Myself and my partner have just received confirmation for work in Whitecourt Alberta, and all has happened so quick and bit of a surprise regarding the time it went through,We both are very excited but still in some cases unsure as relocating from the UK and wondering if anyone has lived in this area or has any advice they are willing to share,

Any information is much appreciated.

Luke


----------



## Auld Yin (Mar 10, 2009)

Prepare yourselves for a shock. This town of less than 10,000 is in the middle of nowhere. It's obviously there to service timber and O&G industries.

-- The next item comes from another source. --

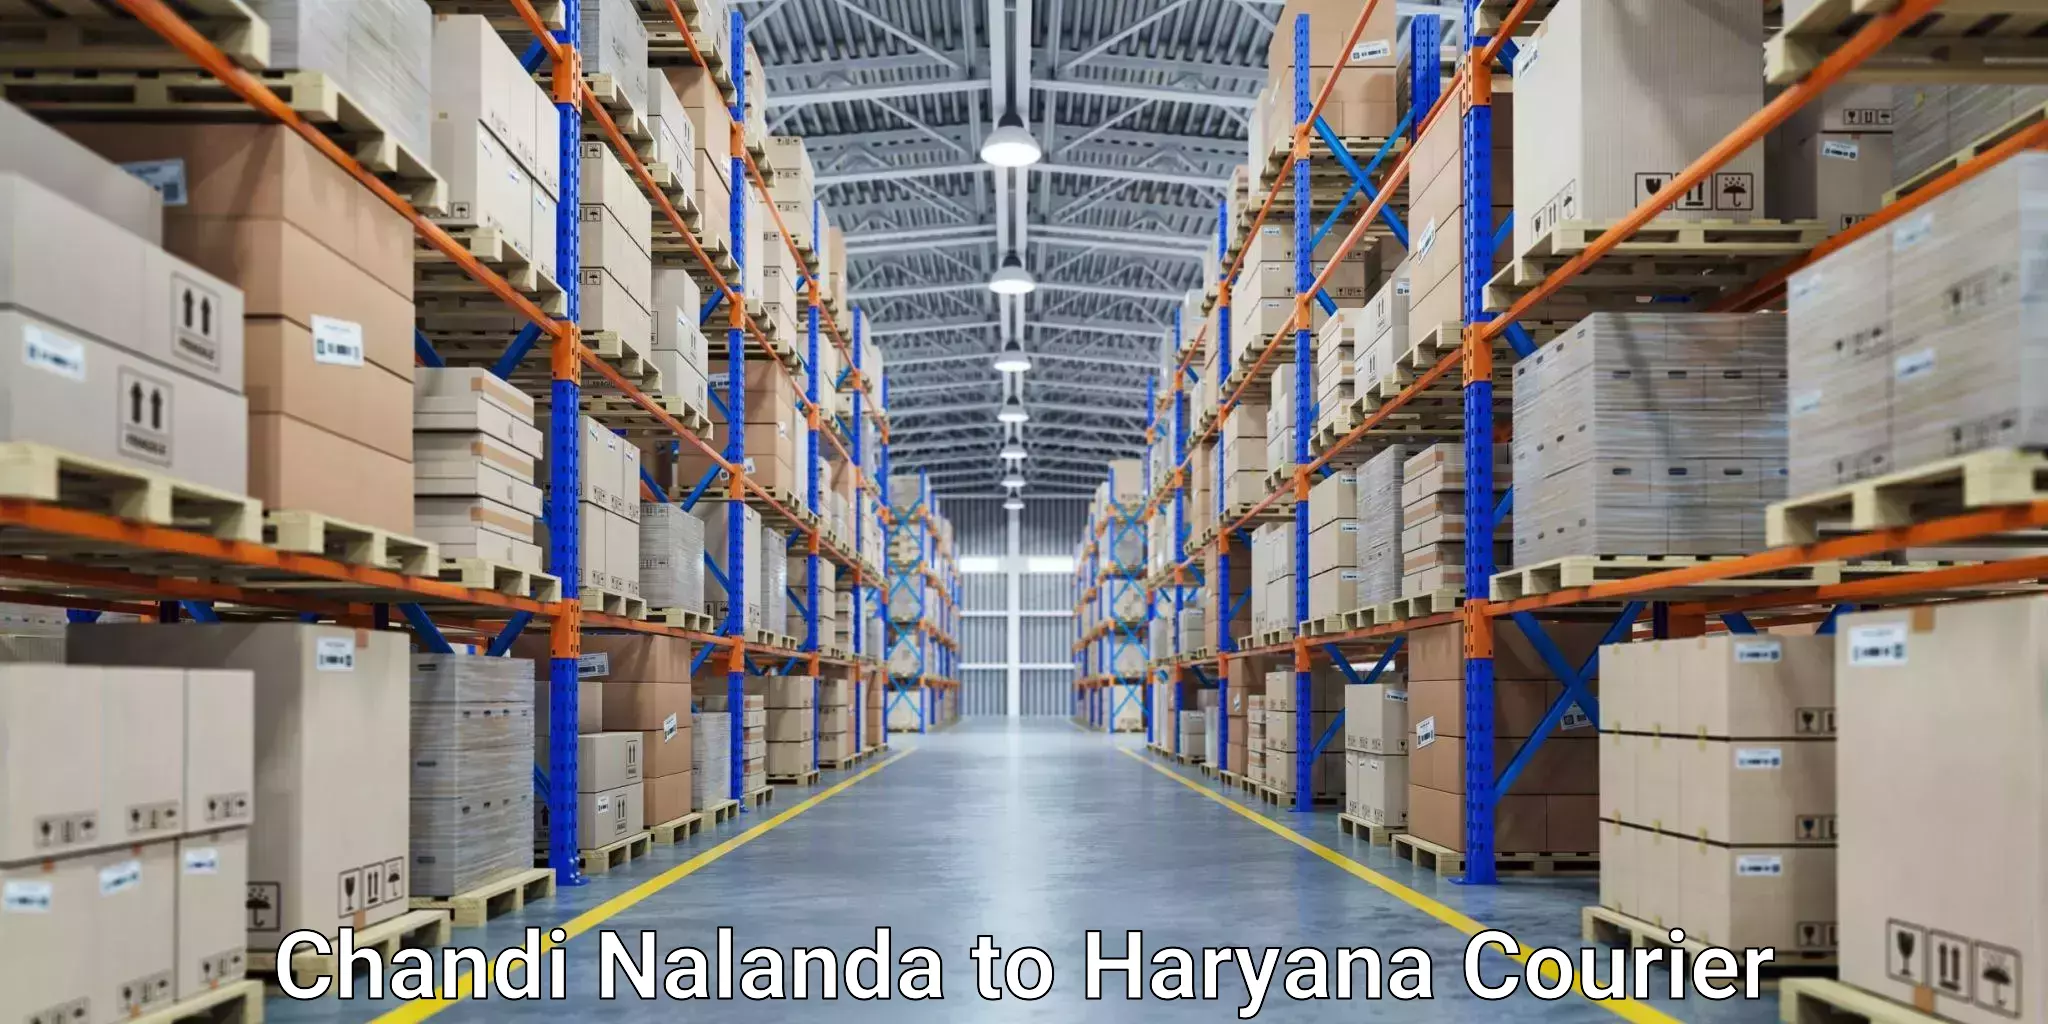 Express logistics providers Chandi Nalanda to Charkhari

I'm sure the people are friendly but prepare yourselves for severe winters.


----------



## colchar (Oct 25, 2011)

Auld Yin said:


> Prepare yourselves for a shock. This town of less than 10,000 is in the middle of nowhere. It's obviously there to service timber and O&G industries. I'm sure the people are friendly but prepare yourselves for severe winters.



I've lived in Canada most of my life and even I had to look it up as I'd never heard of it before!

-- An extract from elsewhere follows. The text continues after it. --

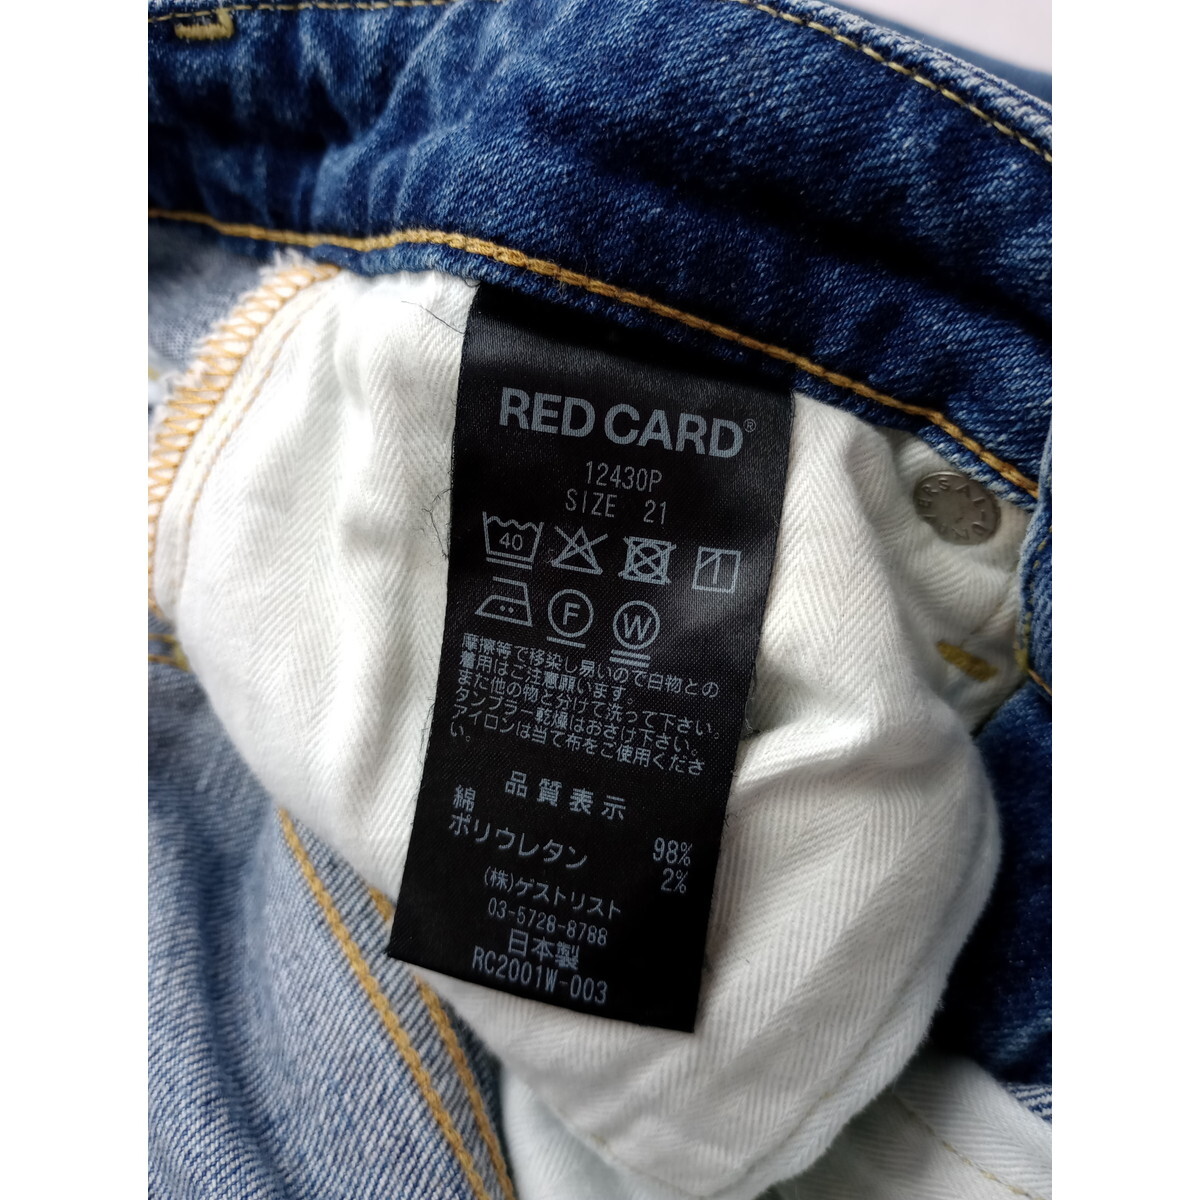 RED CARD レッドカード「わたしの普段着をグレードアップさせよう♪」コットン 綿混 デニム テーパードパンツ 日本製 21 ブルー (57Y+0333)_画像6

When Auld Yin says be prepared for a shock he is right. Hell, I am Canadian and that place would be a shock for me!

If it was me, I would live in Calgary or Edmonton and only stay in Whitecourt during the work week, returning to C or E on the weekends.


----------



## Jrge (Mar 22, 2011)

Hi,


lukesayer said:


> Hi to all.
> 
> Myself and my partner have just received confirmation for work in Whitecourt Alberta, and all has happened so quick and bit of a surprise regarding the time it went through,We both are very excited but still in some cases unsure as relocating from the UK and wondering if anyone has lived in this area or has any advice they are willing to share,
> 
> ...


Lots of people leave Edmonton-Calgary on Sunday nights to work and return on Thursday/Friday night. With good road conditions, Edmonton is about 2 1/2hrs away and Calgary just under 6 hours.

I have passed thru and it is a remote place to live, but a place where you will make lots of money quick.

Winters are harsh -same in Edmonton, and as I said, a very remote place.

Animo
(Cheers)


----------